Examples where the annotators disagree can be treated in multiple ways, depending on what is more appropriate for the specific problem.
a) Add a “not sure” class: map to the “not sure” class all examples without 100% consensus
b) Add a weight < 1: For all examples without 100% consensus select the majority class among the annotated ones (a random one if there is no majority) and add a weight to the example equal to n_selected_class_votes / n_total_votes. This approach will penalize the more uncertain examples in the aggregated performance.

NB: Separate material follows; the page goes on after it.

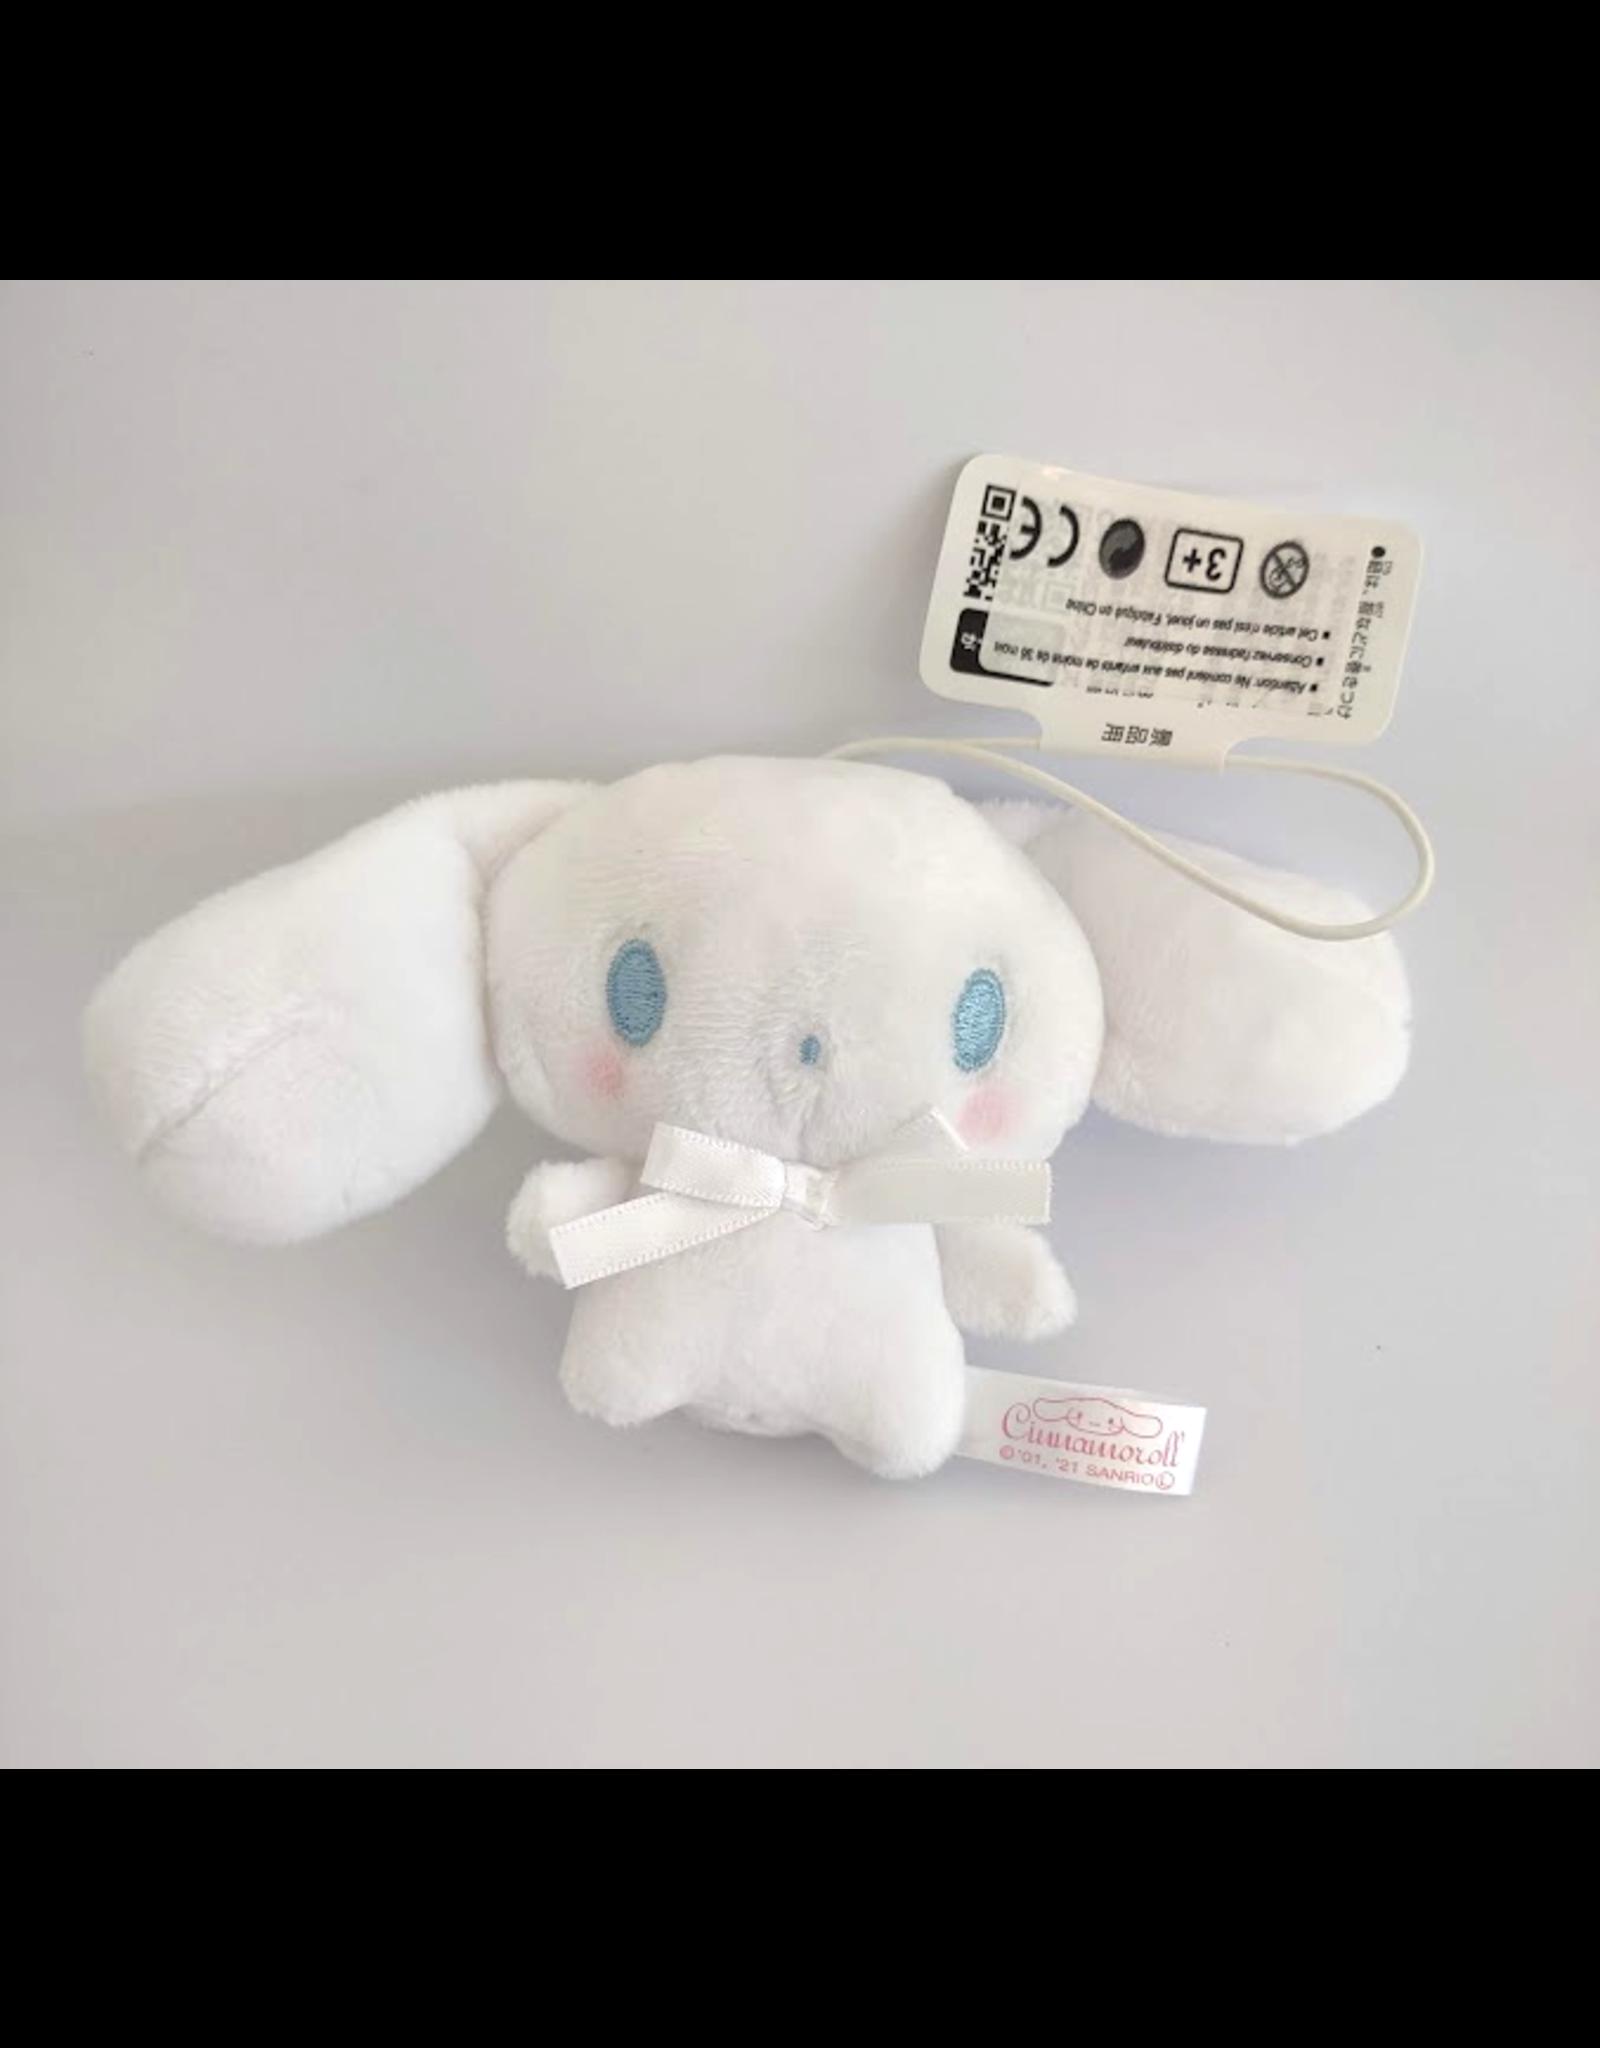 Sanrio Cinnamoroll - Colorful Angel Mascot Plush - 8 cm - White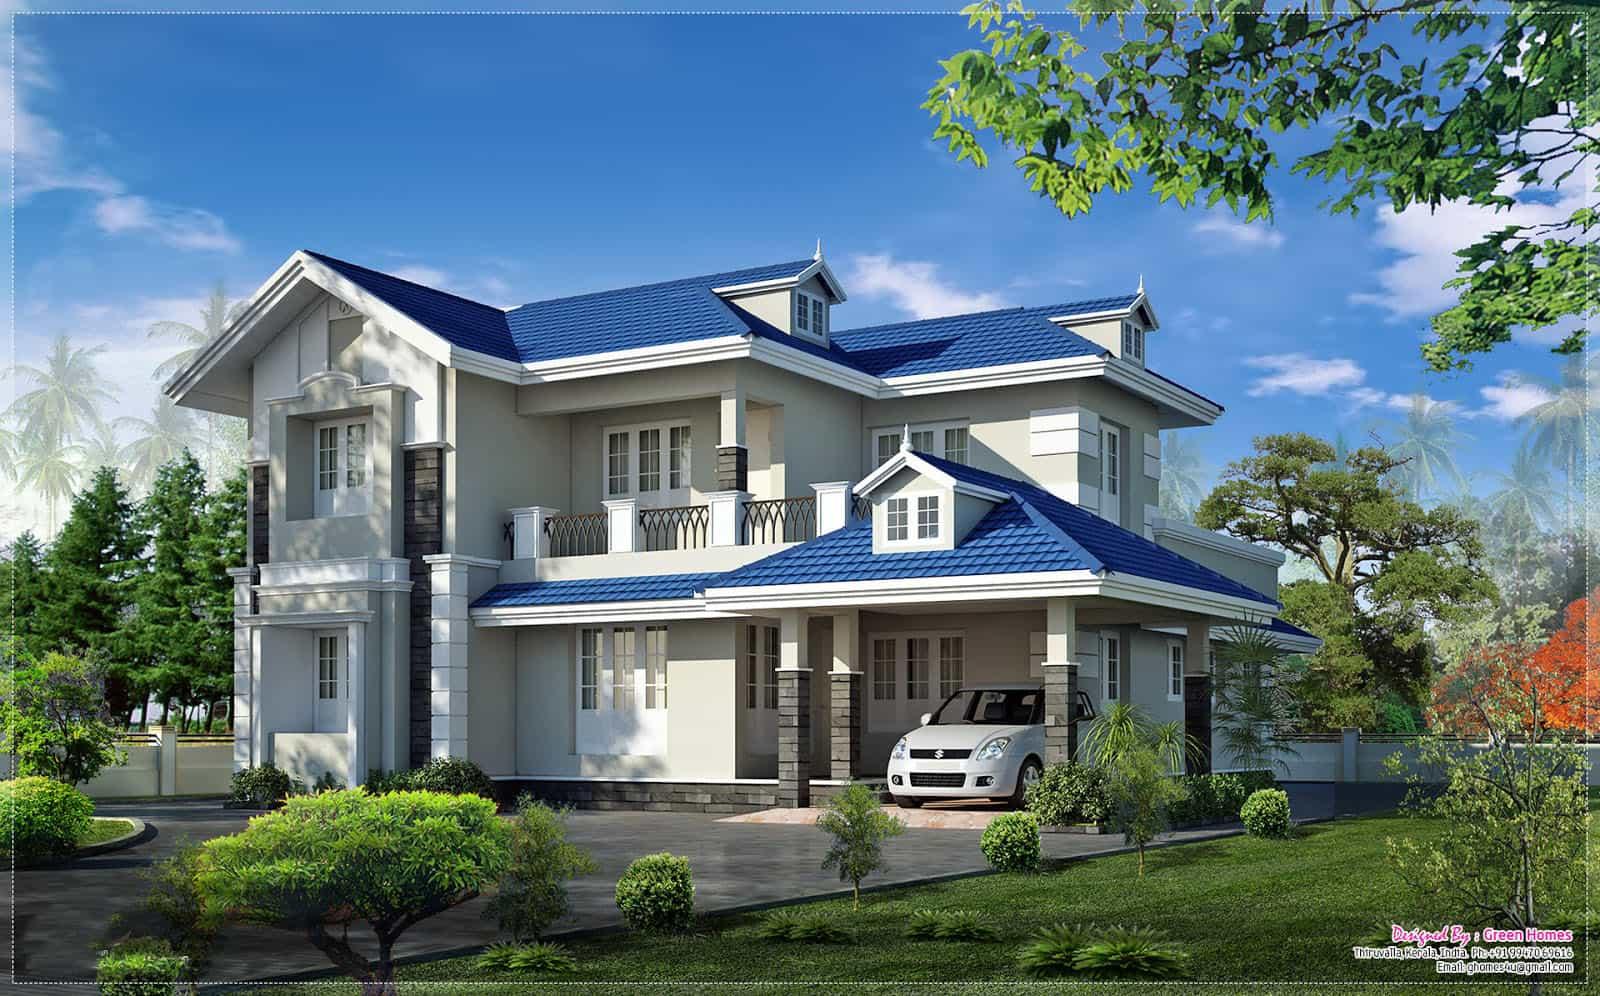 Small House Plans in Kerala - 3 Bedroom - KeralaHousePlanner

c) Discard the ambiguous examples: For some use cases it might make sense to simply remove all the examples where there is no 100% agreement.
4. Quality Review
Same as in the basic protocol.
How to develop a judge-LLM
Once the golden dataset is ready, you can develop the judge-LLM. Note that you can already do this step once the sample dataset from the pilot annotation is ready (with ~50 samples) to create a first version of the judge-LLM and score a few examples to identify any early issues. However for proper evaluation and tuning of the judge-LLM you need a large dataset of 500–1000 examples. In this article we share how to create a prompt-based judge-LLM for simplicity. You can always fine-tune a judge-LLM but this won’t be covered here. To develop the judge-LLM you follow the iterative process detailed below, which is the standard process for manual prompt engineering.
Split the golden dataset in validation and test sets: A standard split is 50/50 but the final decision is on the model owner. The validation set is used to compute the prompt performance and to find error patterns. The test set is used to check for evaluating generalization and overfitting.
Choose a strong LLM: We typically select powerful models such as GPT-4.1, or Claude 4.0 Sonnet as the backbone for our judge-LLM. These models serve two roles:
a) As a sanity check: Given a high-quality dataset and a well-defined task, a strong LLM should perform well if the prompt is reasonable.
b) To estimate an upper bound on achievable performance. While this is not a strict bound (there are cases where smaller models with better prompts outperform stronger ones) it provides a useful reference point.
3. Write the prompt of the judge-LLM: Use the metric definition and include scoring instructions and output format (can be json/string/else). Few shot examples can also be included but ensure that no examples from the golden dataset are provided to avoid overfitting. We also normally add chain-of-thought prompting (CoT) to promote reasoning and explainability. To build the judge-LLM you can use any framework that supports custom LLM-based metrics, such as DeepEval’s G-Eval metric or Arize Phoenix.
4. Evaluate the performance on the validation set: The evaluation metric depends on the type of the task and the class imbalance. For classification tasks we generally recommend macro f1-score while for continuous metric you can use mean squared error.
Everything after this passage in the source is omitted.